İranlı devrimci teorisyen Dr. Ali Şeriati gibi isimlerde gördüğümüz üzere, bu
noktada başarıyı getirecek en önemli hamle, belirli bir sözü değil de genel anlayışı,
manayı, ruhu tercüme etmek gerekmektedir.[8]
Marx,
özel olan Avrupa coğrafyasından genel bir anlayış devşirdi.

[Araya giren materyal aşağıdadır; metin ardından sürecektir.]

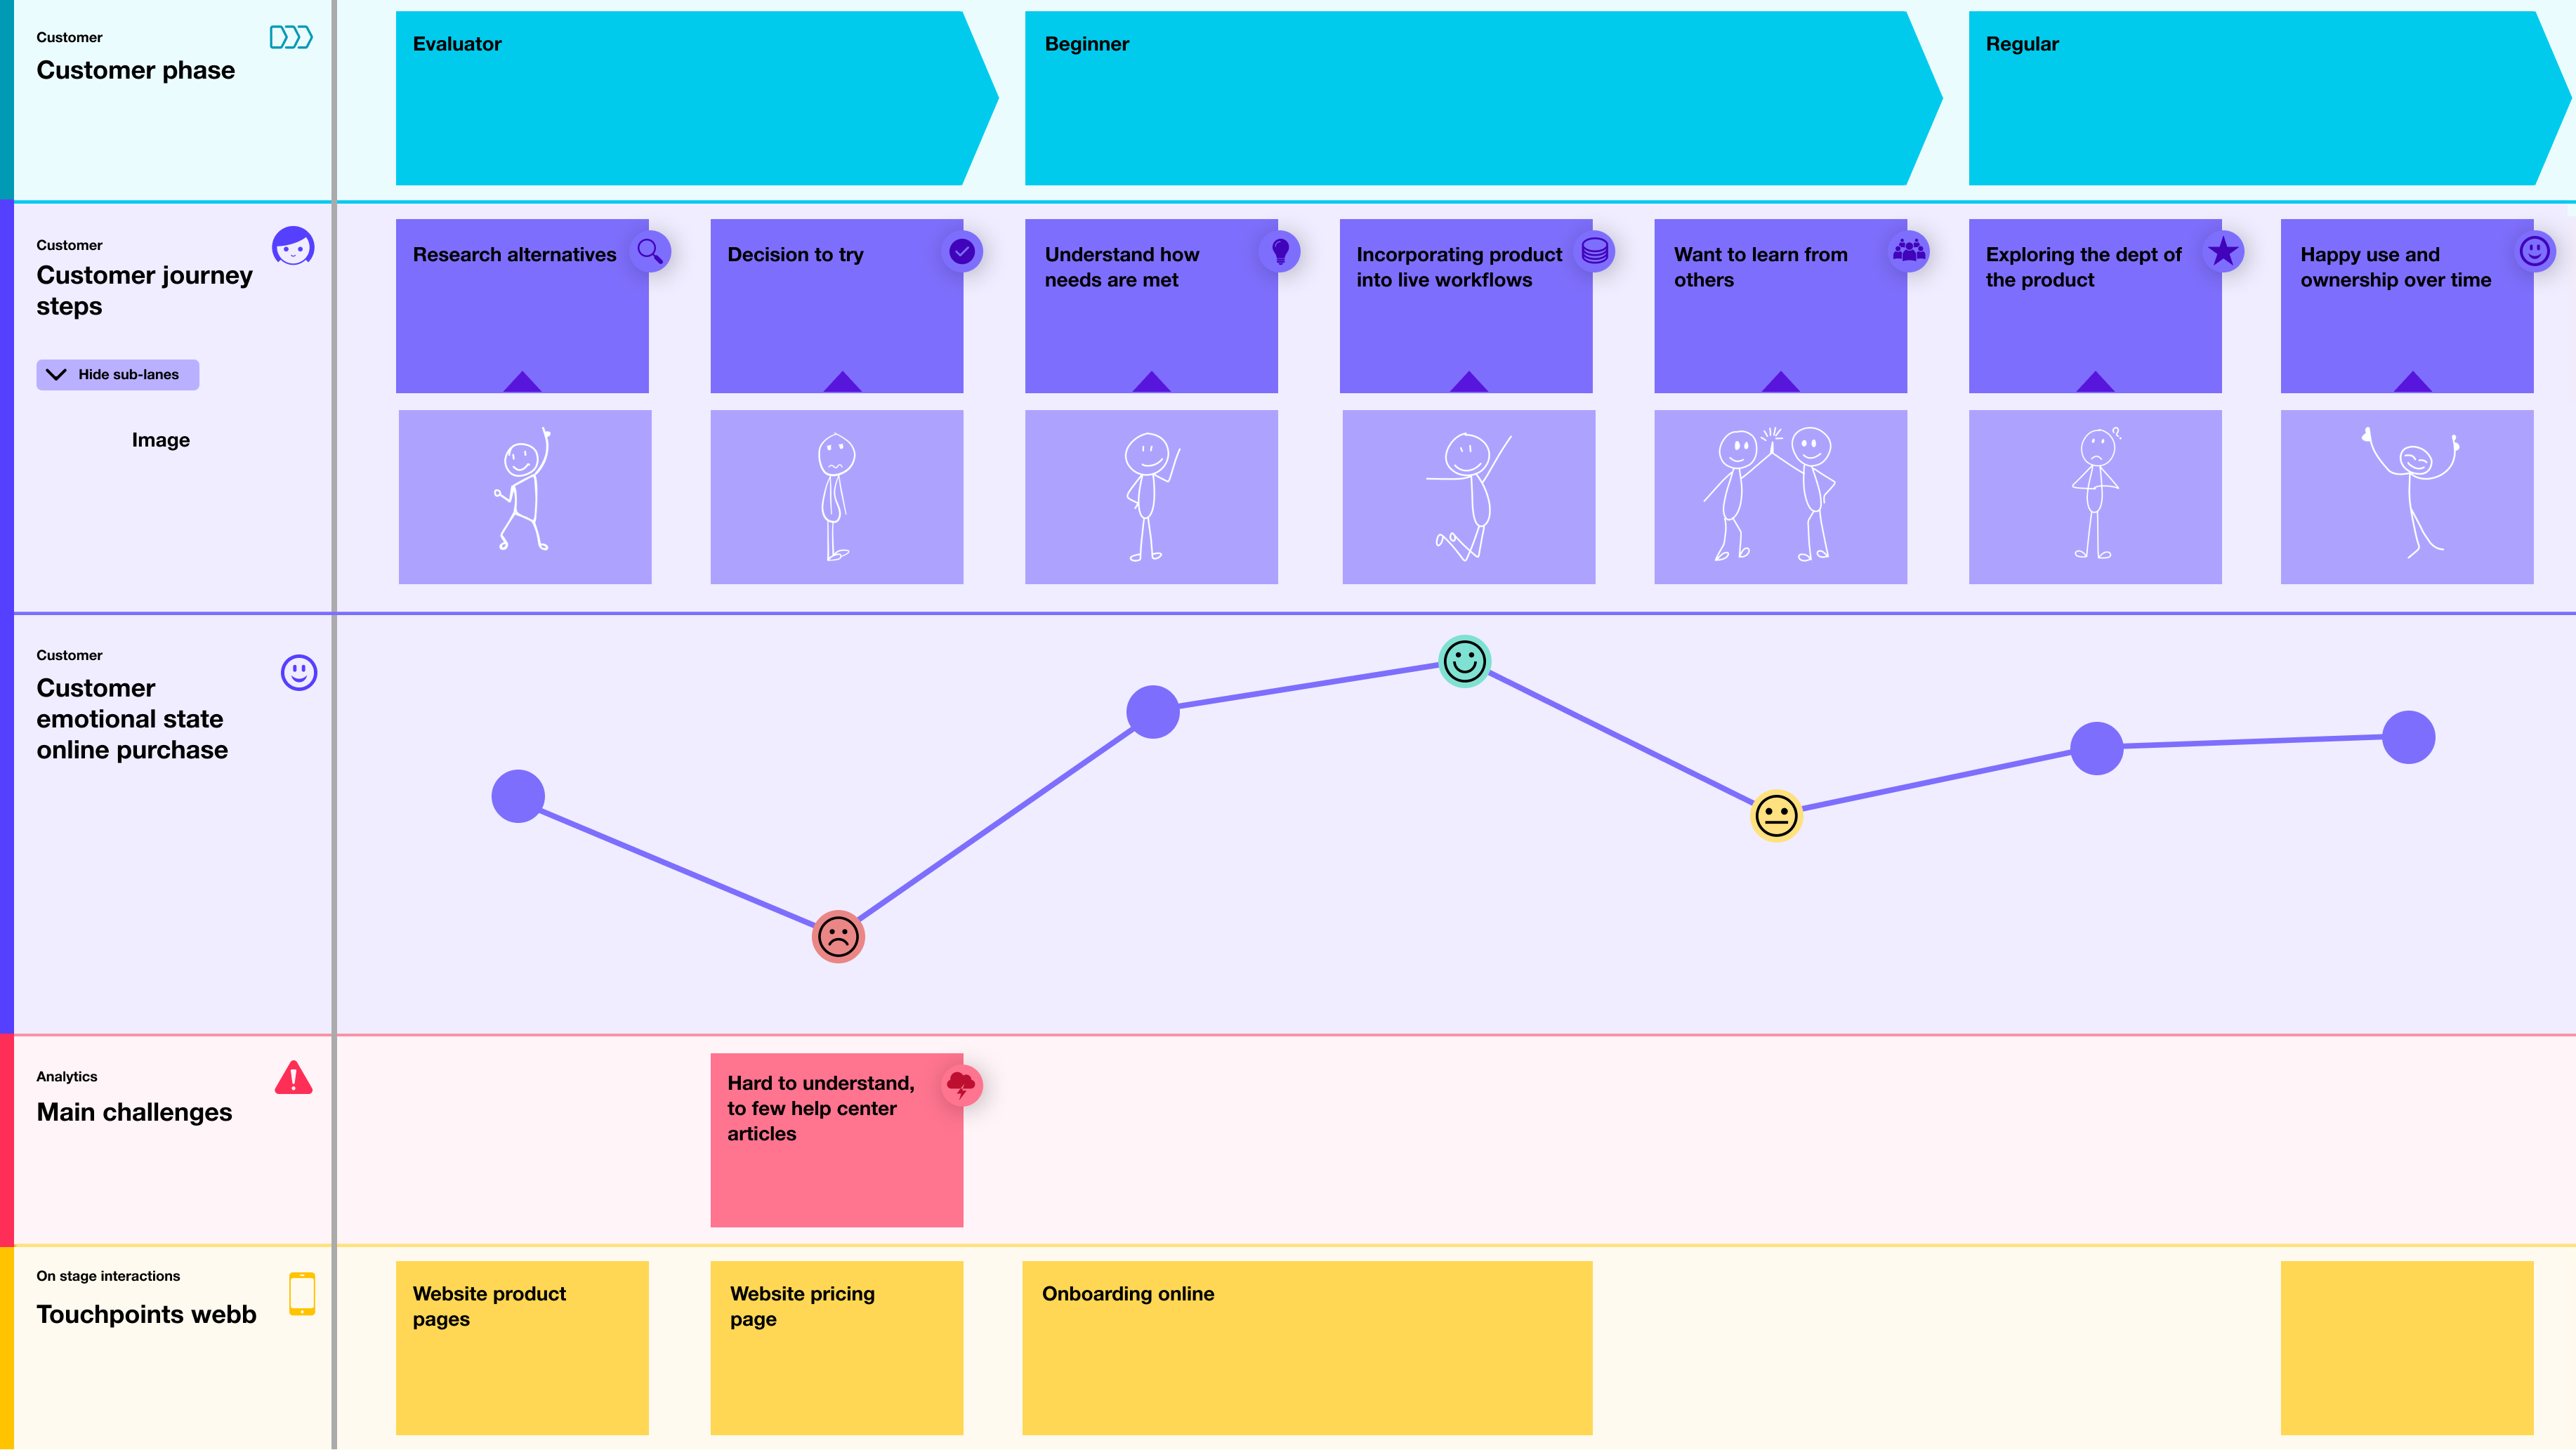 A journey map showing the possibility to create sub-lanes to include more data around a specific event or touchpoint.

Ama bu genel
anlayışa, felsefeci Ernst Bloch’un “Aristocu sol” dediği şeye ancak Marx ve
Avrupalılar vakıf olabilirdi.[8]
Allavi’nin
de ortaya koyduğu gibi, Razi, Farabi, İbn-i Sina, Biruni, İbn-i Haldun ve İbn-i
Rüşd gibi felsefeciler ve bilim insanları sayesinde Marx gibi isimler, Erdemli
Şehri veya Allavi’nin ifadesiyle, “Müşterek”i tahayyül etme imkânı buldu.
Erdemli
Şehir gibi kavramların tercüme edilmesi, üzerinde düşünülmeyi hak eden bir
mesele. Bu noktada Farabi’nin öncüllerinden Kindi ve ekibi, Aristo’ya ait
olduğunu düşündükleri metinleri tercüme etmeye başladı. Ama Yunanca yazıları
Arapça gibi şiirsel bir dile tercüme etmek için Arap felsefecileri birkaç nesil
çaba harcadılar. Söz yerine mana ve ruh Arapçaya tercüme edilince görüldü ki
Aristo’nun zannedilen metinler, yeni-Platoncu idealist olan Plotinus’a aitti. Sonrasında
İbn-i Sina gibi isimlerin Aristo’nun o genel manayı, anlayışı belirli yollardan
yanlış anladığını, en azından yanlış aktardığını anlamaları için birkaç nesil
geçti.
Sonra
İbn-i Sina, Aristo’daki yanlışları düzeltmek için kolları sıvadı, ilk öğretmeni
Aristo’daki mantıksal boşluklardan azade, tümüyle yeni bir sistem ortaya koydu.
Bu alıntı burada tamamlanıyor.